ST. GEORGE — There will be no Veterans Day ceremony this year to honor those who are laid to rest at the Shivwits Cemetery, but volunteers from the Daughters of the American Revolution Color Country Chapter refreshed the flags on the graves Tuesday to honor the fallen heroes.
Although the DAR’s plans for a parade in Washington City and a Veterans Day ceremony were canceled due to the COVID-19 pandemic, volunteers made sure to change the flags at the Shivwits Cemetery to honor local Native Americans.

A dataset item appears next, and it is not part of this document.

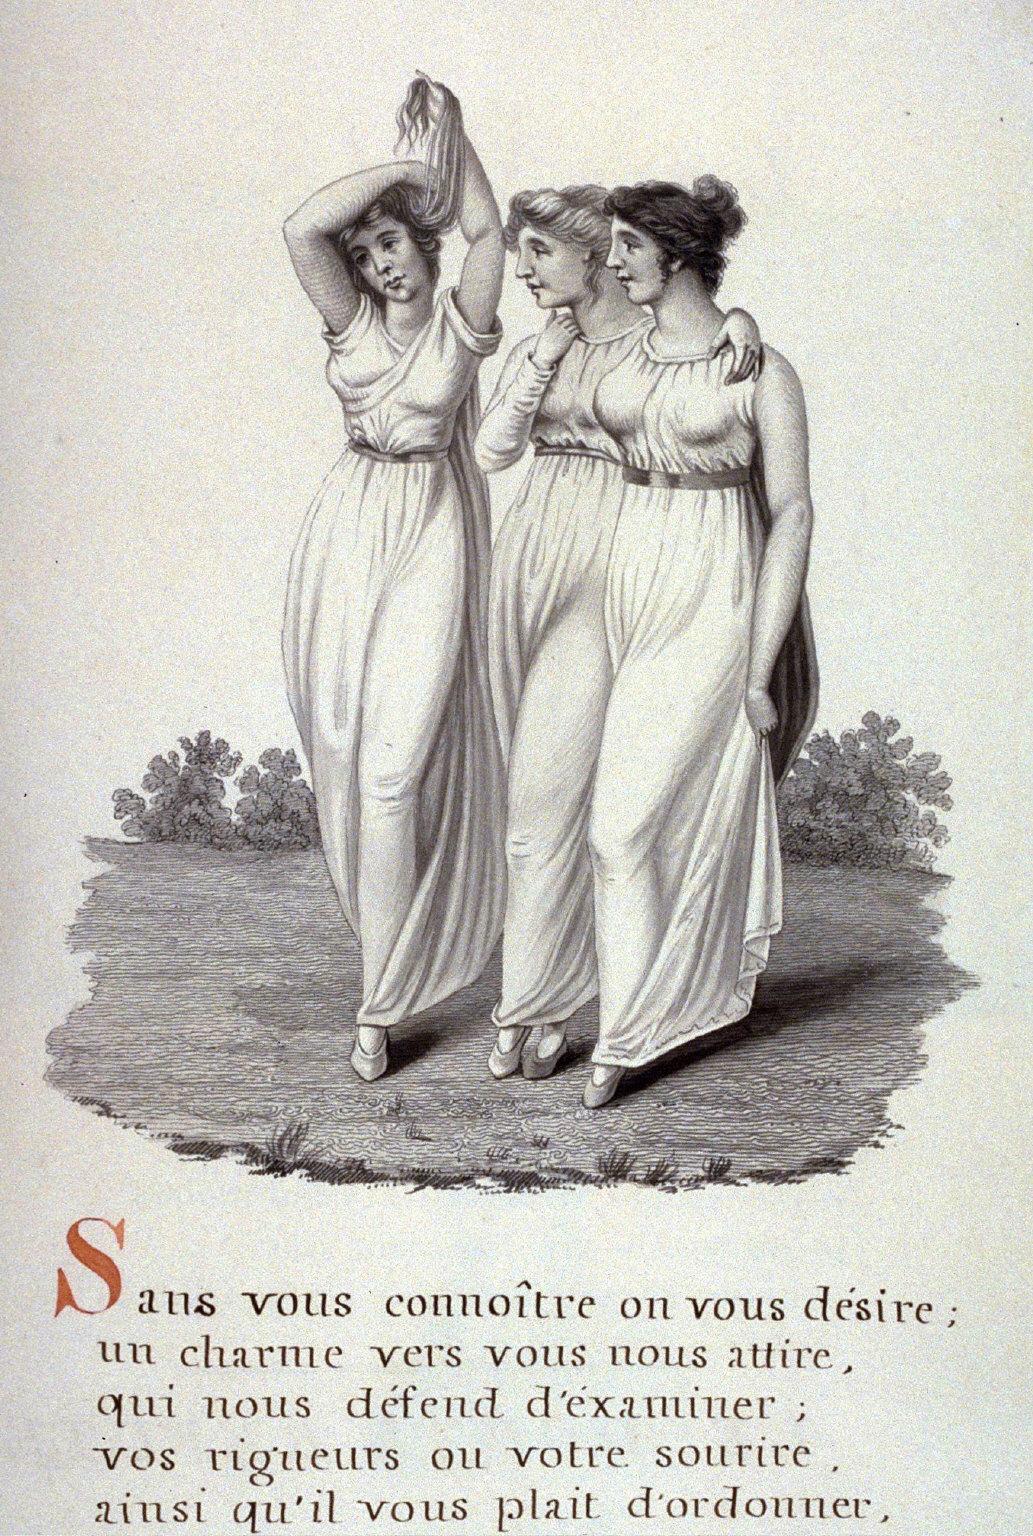 Untitled (three young women), page 505 of the book, Mon passe-tems dédié à moi-même , vol.2

“No excitement on Veterans Day, that just breaks our heart,” said Valerie King, regent of the DAR Color Country Chapter.
The changing of the flags never draws a big crowd, but the DAR does it to support the Shivwits and the chapter’s American Indians Committee.
“It’s usually a very small showing anyway because they’re very private and the cemetery is a lot different than what we’re accustomed to,” King said.
The first flag that was changed was at the grave of Crawford Snow, a Paiute who served with the army’s 101st Airborne Division in Vietnam. He was killed in action on Mother’s Day, 1967. There are more than a dozen veterans buried at the cemetery, including one woman, Lilly Asket, who served in World War II and died in 1966.
There are no written records of the people buried at the Shivwits Cemetery, so they are only remembered through oral history, said Shivwits Tribal Council Member Glenn Rogers, who attended the flag refreshing. Several of Rogers’ family members are buried at the cemetery, including two uncles and his father, Will Rogers, who served in World War II. His father never talked about the war and Rogers didn’t know his father had served until he was a teenager, he said.
The Shivwits Cemetery doesn’t look like any modern American cemetery. Many of the graves are decorated with gifts left by friends and family members, ranging from crosses to flowers to soda bottles. A friend left a willow branch on Rogers’ father’s grave because he used to make baskets out of willow branches. Some of the graves had beer bottles on them. The Shivwits leave these gifts as a way to heal, Rogers said.
“We can’t say that person was good or bad because we’re not all perfect,” Rogers said. “We don’t judge that. We just look at it and smile, and then you remember good things about that person.”
The cemetery’s gate is often closed to keep trespassers out. A member of the tribe takes care of the cemetery, but Veteran’s Day and Memorial Day, when the flags are changed, are its busiest days.
In addition to the refreshing of the flags, Rogers will raise the flag to half-mast on Wednesday morning to honor the veterans buried at the cemetery. The DAR is planning a Wreaths Across America ceremony at the cemetery on Dec. 19.